Repeat each line of the data below exactly, but skip the pictures.

────────

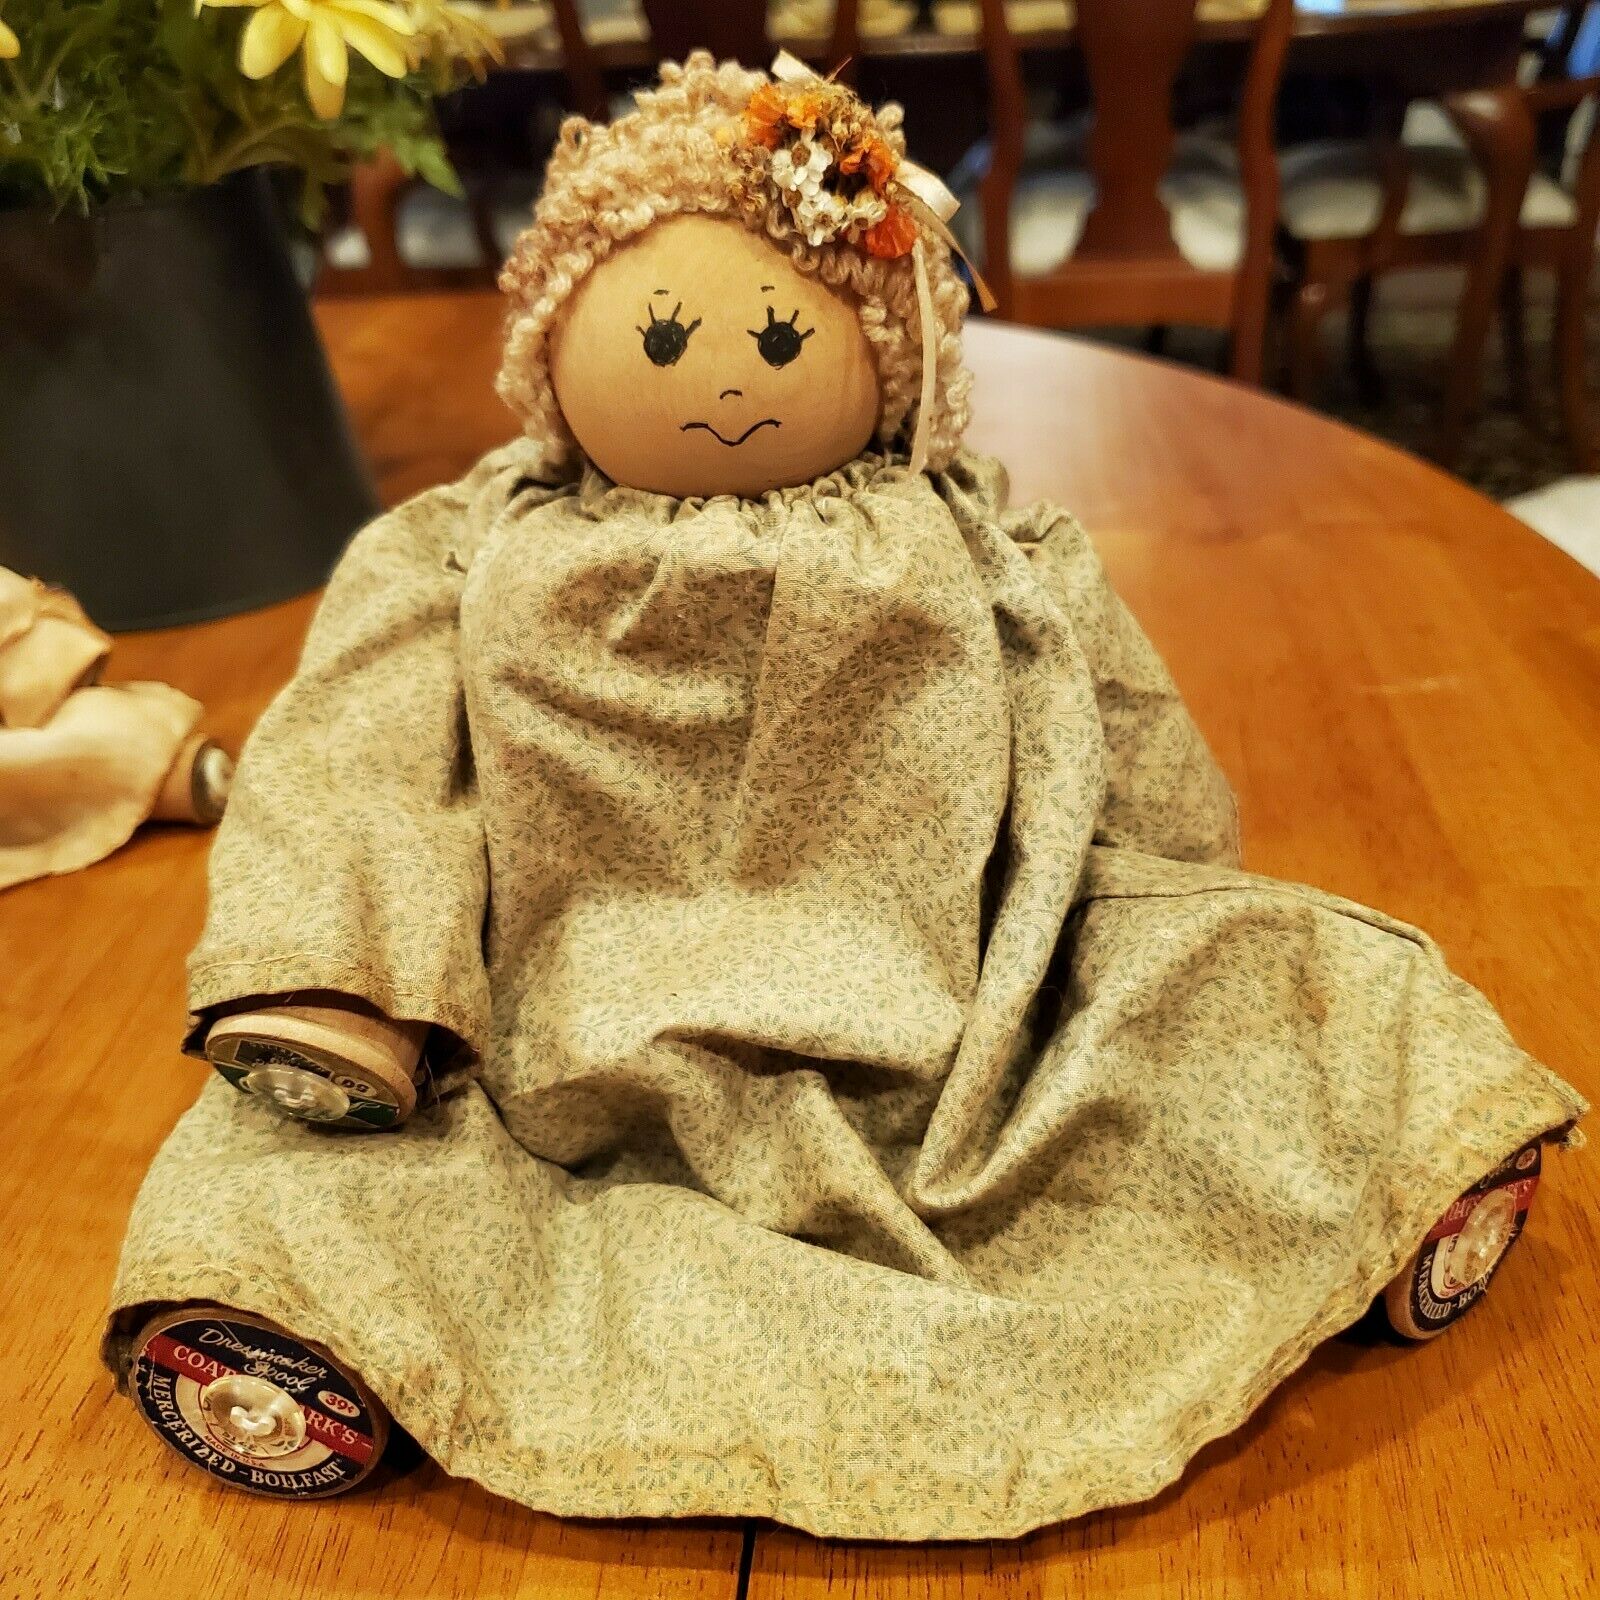 Antique Doll Made Of Wooden Spools
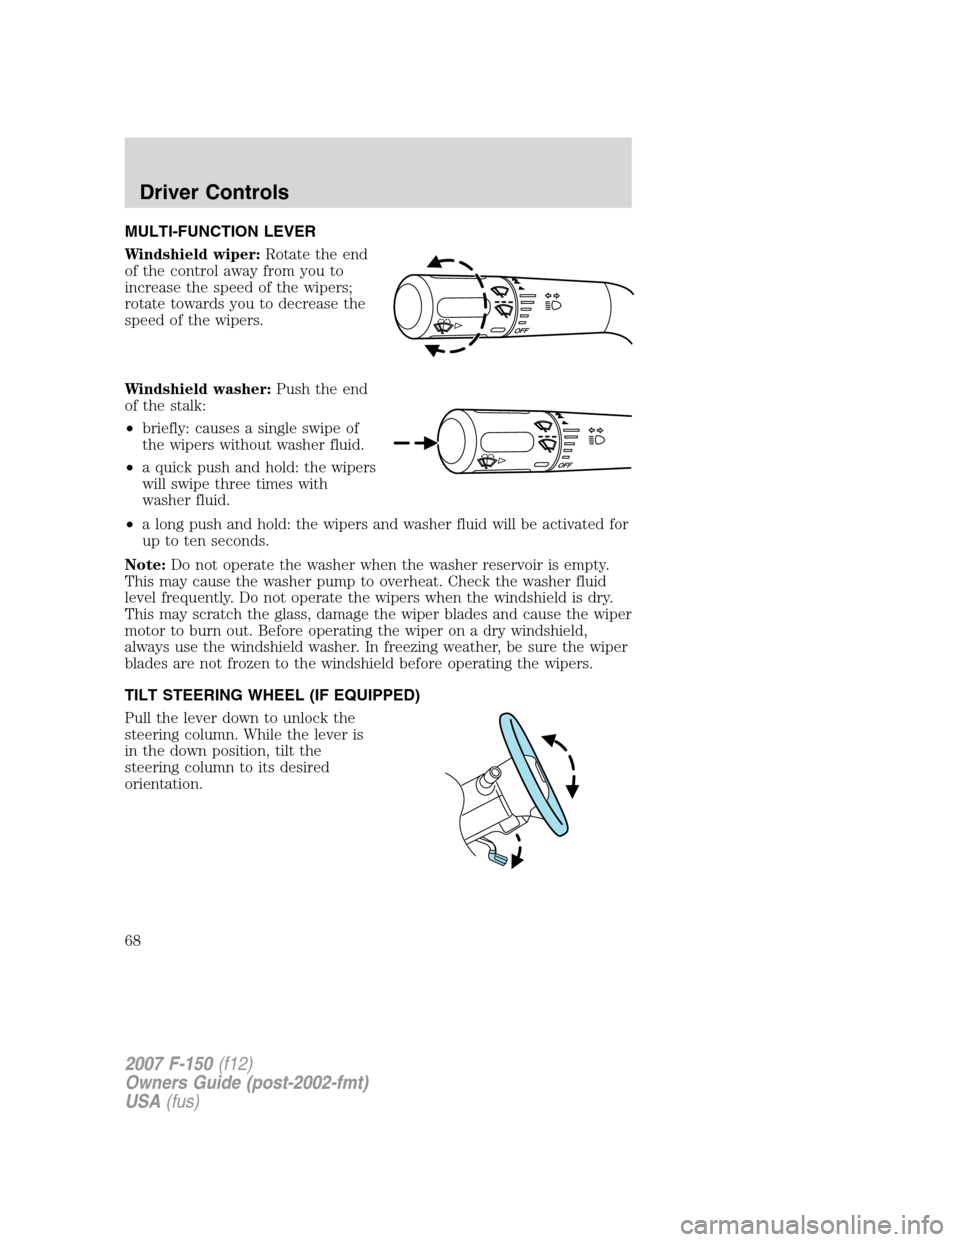 FORD F150 2007 11.G Owners Manual MULTI-FUNCTION LEVER
Windshield wiper:Rotate the end
of the control away from you to
increase the speed of the wipers;
rotate towards you to decrease the
speed of the wipers.
Windshield washer:Push th
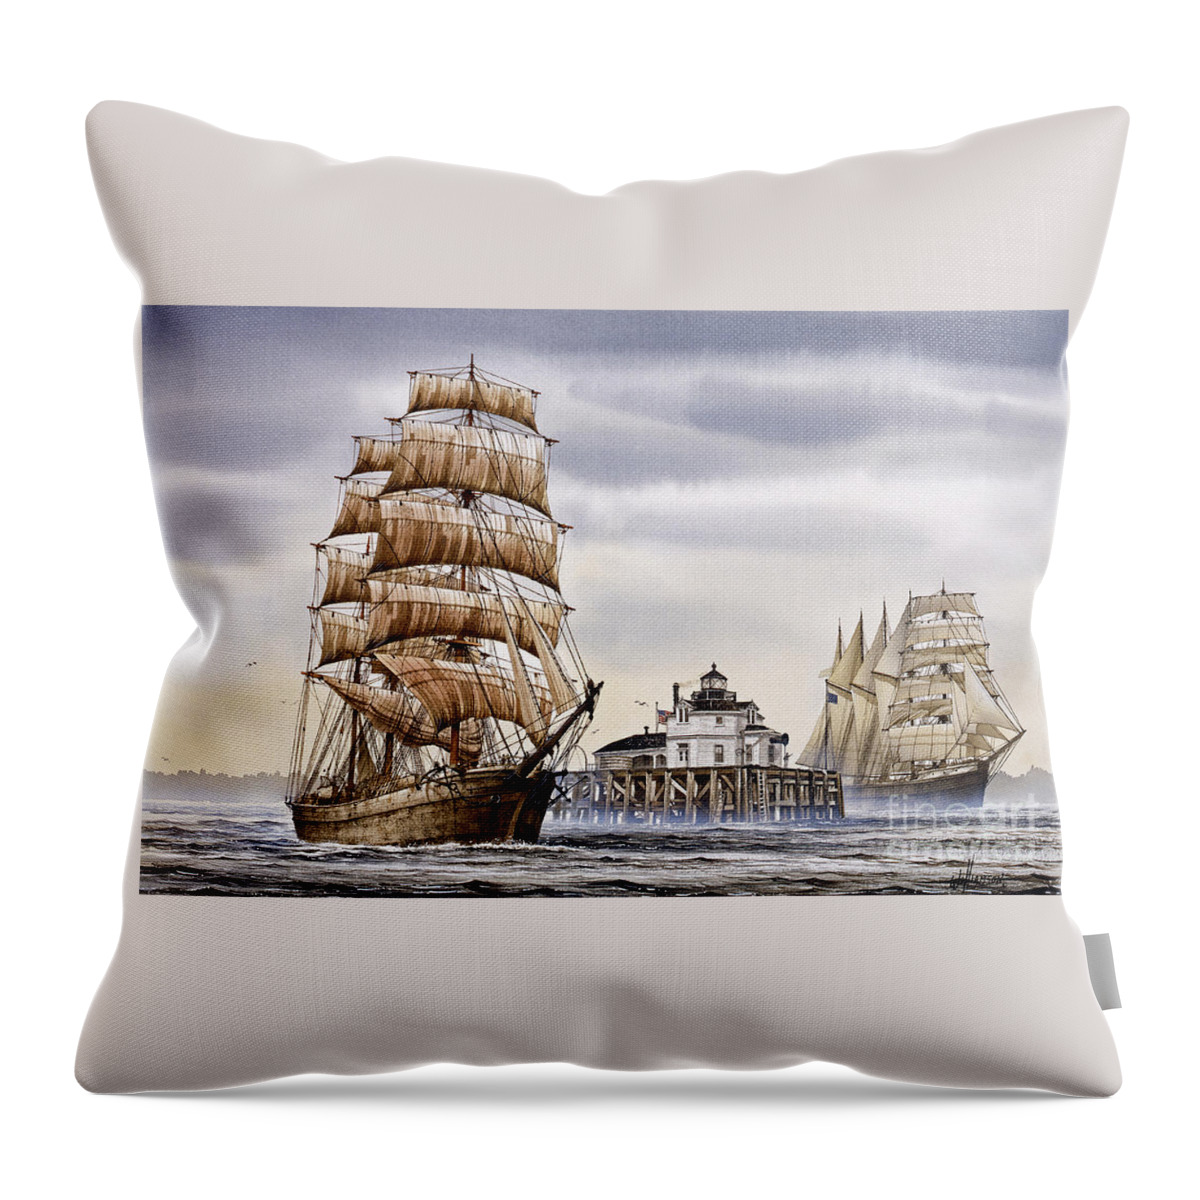 Tall Ship Print Throw Pillow featuring the painting Semi-ah-moo Lighthouse by James Williamson

────────

*REPLY:*
 Antique Doll Made Of Wooden Spools
 FORD F150 2007 11.G Owners Manual MULTI-FUNCTION LEVER
Windshield wiper:Rotate the end
of the control away from you to
increase the speed of the wipers;
rotate towards you to decrease the
speed of the wipers.
Windshield washer:Push th
 Tall Ship Print Throw Pillow featuring the painting Semi-ah-moo Lighthouse by James Williamson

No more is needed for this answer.